The tedium plus the limited abilities of the human eye lead researchers looking for mutations to single out worms that are markedly odd. Eye-popping phenotypes are namely likely to be caused by genotypic changes, i.e. mutations, so finding a clear phenotype is likely to lead to a successful research outcome.
Stochasticity: Not a mutant
As a result, researchers might overlook subtle samples. In addition, amassing enough of them to determine important nuances may prove too difficult to do, and quirks can get in the way, too. For example, a single weird-looking worm might not be a mutant at all.
“You can always find a ‘wildtype’ (basically normal worm) that looks nothing at all like a wildtype,” Lu said. “It’s just a crazy wildtype. Genotypically, it looks like everybody else, but phenotypically it’s so different."
Why? Because nature can be stochastic – sort of random -- and mess up an individual worm, even when there’s no mutated gene.
Phenospace: A world revealed
Looks can deceive the eye, but they’re less likely to fool a high-resolution camera connected to a computer and an algorithm that statistically examines faint variations in order to sort mutants from non-mutants.
Lu’s technique works via a transparent slide with tiny tubes that suck in one worm at a time under the computer's microscope. “Then we freeze the worm for a moment, so we can take its picture,” Lu said. “Then it unfreezes, and it’s totally okay.”
There’s a fork in the tube holding the worm. If the algorithm detects a mutant based on its synaptic puncta pattern in the image – even if this is not visible to the eye – the worm gets sucked down the first path for further study. If it isn’t a mutant, it gets sucked down the second path.
In the latest experiment, the algorithm analyzed phenotypic variations in the synaptic puncta of large worm populations. Parallel to that, the worms' genomes were analyzed to determine which phenotypical differences may be connected to mutated genes.

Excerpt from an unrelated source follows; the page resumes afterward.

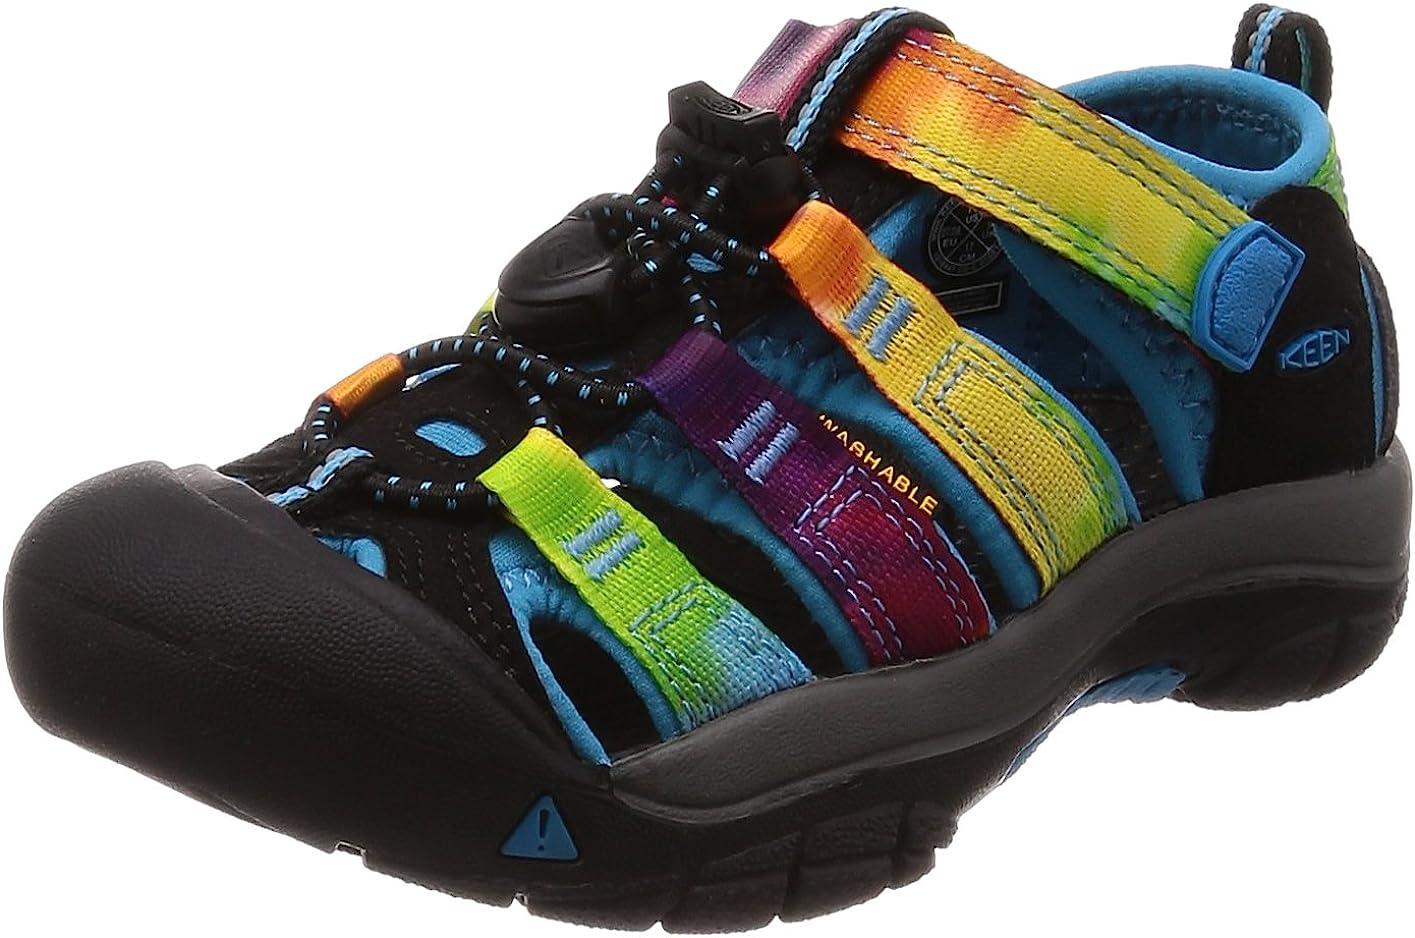 Keen Unisex Kids/' Newport H2 Sandal

Then the researchers mapped out genotypes in relation to the differences in phenotypes they underpinned. What was so nuanced before that it was virtually invisible, turned out to be a large, filigree web.
Silent affliction: Poor little worm
Then there was a particularly lucky find that made for a good metaphor for the study and its potential to advance research. The scientists stumbled upon a very subtle allele – a variation of a gene caused by mutation.
The worms that had the allele were real mutants, but no one would have guessed it, because to the eye, they were completely neat and normal. They even behaved normally at first glance, and the researchers thought the computer may have sorted them out as mutants by mistake -- until a hitch turned up.
“After they swam for about 40 minutes, they got really, really weak and couldn’t swim well anymore,” Lu said. The allele seemed to be associated with some kind of neurological disorder.
“Seen as a metaphor, this is an example of how you might identify something that is relevant to a disease but incredibly subtle,” she said, “and you would never have found it using eyes and a microscope.”
The research paper was coauthored by Matthew M. Crane, Yuehui Zhao, and Patrick McGrath of Georgia Tech, and Peri Kurshan and Kang Shen of Stanford University. The research was funded by grants from the National Institutes of Health (numbers R01GM088333 and K99AG046911) Any opinions, findings and conclusions or recommendations expressed in this material are those of the author(s) and do not necessarily reflect the views of the sponsoring agency.